Конвей передернул плечами:
— А как Конна сюда попал? Люди с Земли летают везде.
Бессознательно он перенимал высокопарную манеру Кра говорить. Он склонился вперед, улыбаясь:
— Мои слова были резкими, когда я стоял за вашими воротами. Пусть будут они забыты, ибо это только слова гнева. Забудь и этого Конну. Он к нам не имеет никакого отношения.
— А-а, — мягко произнес старик. — «Забыть». Это слово, которого я не знаю. Гнев — да, и месть тоже. Но не «забыть».
Повернувшись к Роэну и Эсмонду, он заговорил с ними, вежливо отвечая, когда те объясняли свои желания. Но полный задумчивости взгляд его холодно-голубых глаз ни на секунду не сходил с лица Конвея. Нервы землянина были напряжены до предела, беспокойство его росло и росло.

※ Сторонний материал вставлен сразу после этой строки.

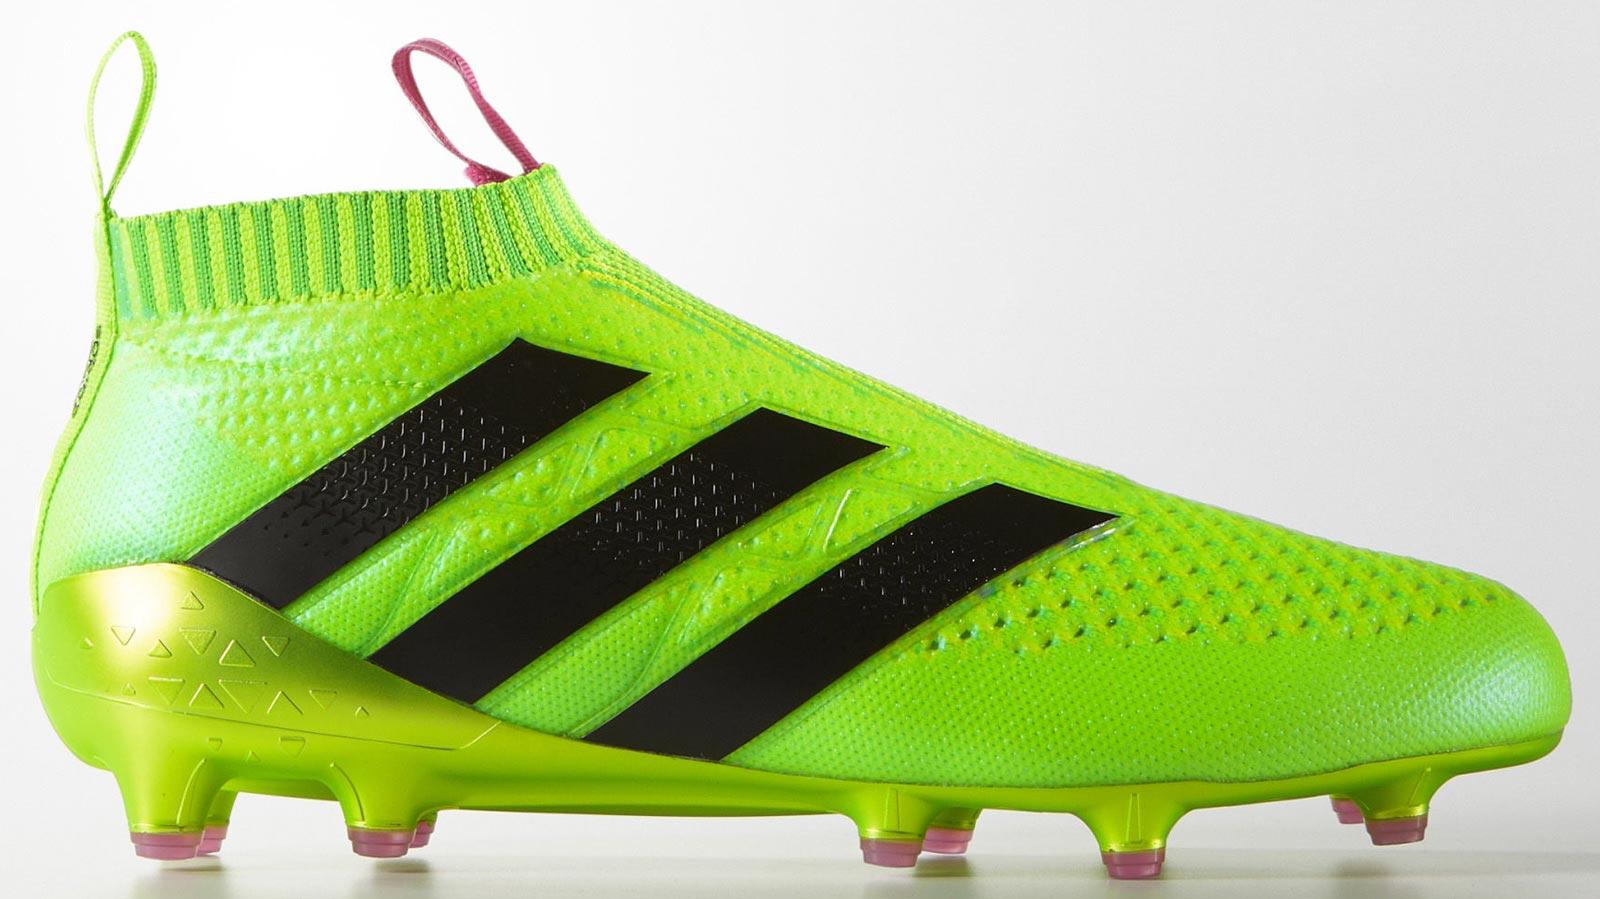 Adidas Ace 16+ PureControl - Grün / Pink / Schwarz

Он готов был поклясться, что Кра понял, кто он такой и зачем прибыл на Искар.
Разум подсказывал ему, что это странно. Много лет прошло с тех пор, как Кра видел его отца, да и внешне они несхожи. Казалось невероятным, чтобы он сохранил какие-то манеры отца. И все же он ни в чем не мог быть уверен, и неопределенность терзала его. Тяжело было выносить горький взгляд старика.
Пятеро сыновей сидели молча и неподвижно. Конвей был убежден, что они понимают весь разговор, а после вспомнил слова старика о том, что они жили с Конной как братья. Сыновья сидели и терпеливо ждали; складывалось впечатление, будто ожидание их длится уже так долго, что чуть больше они прождут или чуть меньше — не имеет для них значения.
Время от времени девушка украдкой посматривала на Конвея. Несмотря на беспокойство, землянина мучило любопытство: какое такое дьявольское смятение таится за ее взглядом. Лицо девушки в странных отсветах пламени очага казалось Конвею просто очаровательным.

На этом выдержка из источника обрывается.